Abstract: The gene dhaB encoding glycerol dehydrase from Citrobacter freundii gene dhaB and 1,3-propanediol (1,3-PD)oxidoreductase isoenzyme encoding gene (yqhD) were transferred into temperature control expression vector pHsh to construct a novel recombinant Escherichia coli JM109 (pHsh-dhaB-yqhD).Some nutrient ingredients affecting fermentation results of this recombinant strain were also studied.The results demonstrated that the optimized medium comprised(g·L^-1) glycerol 60, yeast extract 5.0, KH₂PO₄ 7.5 and vitamin B₁₂ 0.05.The 1,3-propanediol concentration, yield on glycerol and productivity in the 5 L fermenter could reach 43.26 g·L^-1, 72.2 % and 1.55 g·L^-1·h^-1 respectively.

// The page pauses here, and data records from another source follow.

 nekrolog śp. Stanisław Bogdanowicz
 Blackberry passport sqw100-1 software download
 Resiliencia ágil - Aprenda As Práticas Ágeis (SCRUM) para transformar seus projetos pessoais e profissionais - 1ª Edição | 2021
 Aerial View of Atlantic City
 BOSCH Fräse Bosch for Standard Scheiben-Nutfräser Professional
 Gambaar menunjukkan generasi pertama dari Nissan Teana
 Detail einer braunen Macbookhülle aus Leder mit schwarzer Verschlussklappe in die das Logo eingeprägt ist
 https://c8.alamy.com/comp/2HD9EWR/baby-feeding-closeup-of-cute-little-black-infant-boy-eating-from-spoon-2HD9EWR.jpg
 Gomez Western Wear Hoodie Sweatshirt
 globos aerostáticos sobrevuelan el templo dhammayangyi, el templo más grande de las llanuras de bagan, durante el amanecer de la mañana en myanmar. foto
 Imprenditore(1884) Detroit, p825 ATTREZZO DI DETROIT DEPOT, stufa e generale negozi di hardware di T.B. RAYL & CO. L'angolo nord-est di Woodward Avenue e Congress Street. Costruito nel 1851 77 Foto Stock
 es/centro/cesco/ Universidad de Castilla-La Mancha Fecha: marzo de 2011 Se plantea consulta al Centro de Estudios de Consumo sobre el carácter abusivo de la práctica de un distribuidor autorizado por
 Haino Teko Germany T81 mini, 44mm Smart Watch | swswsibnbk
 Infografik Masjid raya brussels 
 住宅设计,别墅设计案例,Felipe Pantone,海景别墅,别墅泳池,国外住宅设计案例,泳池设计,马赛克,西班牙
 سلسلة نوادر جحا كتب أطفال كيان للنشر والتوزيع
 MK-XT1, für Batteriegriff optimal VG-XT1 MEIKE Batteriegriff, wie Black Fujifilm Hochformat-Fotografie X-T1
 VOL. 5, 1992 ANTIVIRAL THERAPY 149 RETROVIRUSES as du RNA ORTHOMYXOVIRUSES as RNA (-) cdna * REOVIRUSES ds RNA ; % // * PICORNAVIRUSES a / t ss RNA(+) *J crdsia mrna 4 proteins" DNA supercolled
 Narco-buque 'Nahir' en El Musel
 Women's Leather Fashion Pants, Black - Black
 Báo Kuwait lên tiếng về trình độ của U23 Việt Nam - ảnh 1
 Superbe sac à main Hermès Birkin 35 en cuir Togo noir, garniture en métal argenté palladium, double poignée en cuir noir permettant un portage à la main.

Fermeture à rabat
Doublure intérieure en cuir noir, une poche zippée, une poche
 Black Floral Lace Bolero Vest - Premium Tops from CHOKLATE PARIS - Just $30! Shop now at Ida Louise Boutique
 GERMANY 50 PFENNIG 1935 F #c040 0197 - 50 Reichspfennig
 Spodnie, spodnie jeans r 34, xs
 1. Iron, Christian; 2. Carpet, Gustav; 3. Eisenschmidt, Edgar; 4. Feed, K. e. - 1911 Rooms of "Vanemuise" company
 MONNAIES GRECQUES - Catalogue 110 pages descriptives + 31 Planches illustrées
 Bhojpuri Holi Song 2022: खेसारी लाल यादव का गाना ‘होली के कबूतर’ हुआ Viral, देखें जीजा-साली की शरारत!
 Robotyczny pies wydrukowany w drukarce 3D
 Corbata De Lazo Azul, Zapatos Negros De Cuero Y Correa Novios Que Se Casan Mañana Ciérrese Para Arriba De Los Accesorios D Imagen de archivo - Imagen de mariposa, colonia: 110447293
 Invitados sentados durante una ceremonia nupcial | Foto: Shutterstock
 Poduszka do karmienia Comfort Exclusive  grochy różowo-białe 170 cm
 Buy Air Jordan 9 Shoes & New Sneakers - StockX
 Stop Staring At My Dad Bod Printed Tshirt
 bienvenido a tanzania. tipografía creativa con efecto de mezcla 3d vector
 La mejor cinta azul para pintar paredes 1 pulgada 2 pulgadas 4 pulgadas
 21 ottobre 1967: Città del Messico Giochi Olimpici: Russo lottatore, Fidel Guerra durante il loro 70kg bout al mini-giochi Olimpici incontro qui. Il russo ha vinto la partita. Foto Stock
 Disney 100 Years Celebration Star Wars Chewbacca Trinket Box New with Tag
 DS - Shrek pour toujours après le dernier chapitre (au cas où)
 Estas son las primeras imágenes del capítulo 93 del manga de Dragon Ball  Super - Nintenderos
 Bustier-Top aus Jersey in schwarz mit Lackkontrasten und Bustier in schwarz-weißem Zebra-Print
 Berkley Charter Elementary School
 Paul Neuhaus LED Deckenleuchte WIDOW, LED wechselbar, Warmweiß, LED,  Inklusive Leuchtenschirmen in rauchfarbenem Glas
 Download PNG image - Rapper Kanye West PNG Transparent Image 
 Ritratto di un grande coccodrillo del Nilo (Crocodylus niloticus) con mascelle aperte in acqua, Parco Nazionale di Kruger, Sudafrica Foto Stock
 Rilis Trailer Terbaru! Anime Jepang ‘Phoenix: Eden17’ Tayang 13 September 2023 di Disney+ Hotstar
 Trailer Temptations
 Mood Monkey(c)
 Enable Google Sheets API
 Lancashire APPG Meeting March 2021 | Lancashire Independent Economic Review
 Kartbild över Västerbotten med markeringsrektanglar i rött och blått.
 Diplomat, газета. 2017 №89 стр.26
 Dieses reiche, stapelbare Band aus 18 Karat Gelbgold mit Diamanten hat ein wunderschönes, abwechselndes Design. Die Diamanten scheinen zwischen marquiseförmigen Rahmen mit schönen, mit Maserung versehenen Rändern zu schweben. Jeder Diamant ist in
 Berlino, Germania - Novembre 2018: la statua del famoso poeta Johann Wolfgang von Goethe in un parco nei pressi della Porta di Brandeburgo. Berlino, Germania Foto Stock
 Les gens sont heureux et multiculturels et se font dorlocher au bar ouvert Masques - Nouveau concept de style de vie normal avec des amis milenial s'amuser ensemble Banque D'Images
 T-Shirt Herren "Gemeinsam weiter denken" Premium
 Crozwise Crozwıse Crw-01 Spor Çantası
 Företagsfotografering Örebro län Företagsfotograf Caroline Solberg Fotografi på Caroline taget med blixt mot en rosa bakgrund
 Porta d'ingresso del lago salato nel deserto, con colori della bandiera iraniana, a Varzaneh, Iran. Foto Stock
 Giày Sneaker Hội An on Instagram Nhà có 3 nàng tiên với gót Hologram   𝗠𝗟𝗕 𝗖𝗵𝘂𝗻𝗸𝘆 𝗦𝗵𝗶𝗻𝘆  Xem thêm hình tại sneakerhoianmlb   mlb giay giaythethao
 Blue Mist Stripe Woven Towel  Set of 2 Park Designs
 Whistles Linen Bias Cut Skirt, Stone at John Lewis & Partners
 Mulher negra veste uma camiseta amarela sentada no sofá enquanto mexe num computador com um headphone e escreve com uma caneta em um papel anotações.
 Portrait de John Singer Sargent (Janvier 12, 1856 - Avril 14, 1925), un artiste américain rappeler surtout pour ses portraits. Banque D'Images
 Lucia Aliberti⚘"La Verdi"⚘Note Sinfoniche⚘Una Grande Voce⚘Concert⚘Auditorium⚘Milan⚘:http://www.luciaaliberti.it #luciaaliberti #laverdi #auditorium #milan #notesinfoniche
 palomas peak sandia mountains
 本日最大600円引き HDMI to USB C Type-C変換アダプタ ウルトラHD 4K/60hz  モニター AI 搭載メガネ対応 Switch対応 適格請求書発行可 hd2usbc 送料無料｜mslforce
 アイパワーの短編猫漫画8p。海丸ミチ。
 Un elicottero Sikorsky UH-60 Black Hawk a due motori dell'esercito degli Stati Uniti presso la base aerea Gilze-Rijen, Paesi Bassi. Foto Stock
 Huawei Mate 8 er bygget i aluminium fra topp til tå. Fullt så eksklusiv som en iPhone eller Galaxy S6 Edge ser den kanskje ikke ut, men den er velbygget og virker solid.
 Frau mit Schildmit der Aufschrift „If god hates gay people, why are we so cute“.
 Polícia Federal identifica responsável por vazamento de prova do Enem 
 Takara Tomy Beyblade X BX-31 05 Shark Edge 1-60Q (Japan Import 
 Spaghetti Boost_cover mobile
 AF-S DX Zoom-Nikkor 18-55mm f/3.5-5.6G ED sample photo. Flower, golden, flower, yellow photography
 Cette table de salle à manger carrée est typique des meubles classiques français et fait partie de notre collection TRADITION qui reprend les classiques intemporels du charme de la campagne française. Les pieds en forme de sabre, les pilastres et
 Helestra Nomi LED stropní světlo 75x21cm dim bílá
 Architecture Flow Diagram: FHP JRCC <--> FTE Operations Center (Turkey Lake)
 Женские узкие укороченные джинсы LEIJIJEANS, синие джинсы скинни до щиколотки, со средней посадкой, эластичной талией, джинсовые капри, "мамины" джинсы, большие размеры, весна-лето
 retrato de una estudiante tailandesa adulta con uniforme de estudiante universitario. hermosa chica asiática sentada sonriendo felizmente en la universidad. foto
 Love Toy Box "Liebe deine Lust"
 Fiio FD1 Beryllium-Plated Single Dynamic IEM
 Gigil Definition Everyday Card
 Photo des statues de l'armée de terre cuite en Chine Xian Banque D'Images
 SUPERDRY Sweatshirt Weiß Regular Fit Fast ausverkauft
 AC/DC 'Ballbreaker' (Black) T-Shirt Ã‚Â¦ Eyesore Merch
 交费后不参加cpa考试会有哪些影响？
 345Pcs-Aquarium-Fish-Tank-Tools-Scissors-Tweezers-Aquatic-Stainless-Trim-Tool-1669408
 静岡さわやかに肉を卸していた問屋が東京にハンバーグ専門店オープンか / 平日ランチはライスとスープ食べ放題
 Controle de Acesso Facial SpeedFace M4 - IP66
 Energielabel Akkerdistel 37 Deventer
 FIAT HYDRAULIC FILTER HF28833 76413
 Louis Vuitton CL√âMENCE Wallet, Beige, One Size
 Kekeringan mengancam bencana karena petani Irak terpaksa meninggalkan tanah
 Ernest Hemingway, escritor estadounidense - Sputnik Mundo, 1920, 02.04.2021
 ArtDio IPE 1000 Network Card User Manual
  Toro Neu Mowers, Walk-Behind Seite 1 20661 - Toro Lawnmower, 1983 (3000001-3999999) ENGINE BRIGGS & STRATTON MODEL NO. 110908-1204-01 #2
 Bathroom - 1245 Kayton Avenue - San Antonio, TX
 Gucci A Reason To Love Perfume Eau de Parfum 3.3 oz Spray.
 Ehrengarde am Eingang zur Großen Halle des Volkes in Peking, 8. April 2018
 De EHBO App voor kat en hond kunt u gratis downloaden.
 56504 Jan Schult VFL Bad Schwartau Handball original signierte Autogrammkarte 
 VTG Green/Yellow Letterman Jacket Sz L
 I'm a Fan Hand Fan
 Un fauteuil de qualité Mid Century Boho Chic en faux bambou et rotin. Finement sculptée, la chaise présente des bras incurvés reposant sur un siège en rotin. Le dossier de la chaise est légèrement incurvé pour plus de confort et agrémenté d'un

摘要： 利用温控载体pHsh将编码甘油脱水酶的基因dhaB和编码1,3-丙二醇氧化还原酶同工酶的基因yqhD串联构建重组质粒pHsh-dhaB-yqhD, 将其转化大肠杆菌得到新型产1,3-丙二醇重组大肠杆菌JM109(pHsh-dhaB-yqhD), 并对影响该重组菌发酵的营养因子进行研究.实验结果表明：该重组菌转化甘油合成1,3-丙二醇的适宜培养基组成为甘油60 g·L^-1、酵母膏5.0 g·L^-1、维生素B₁₂ 0.05 g·L^-1以及KH₂PO₄ 7.5 g·L^-1; 以此培养基在5 L发酵罐上进行放大, 1,3-丙二醇产量、转化率和生产能力分别达到43.26 g·L^-1、72.2 %和1.55 g·L^-1·h^-1.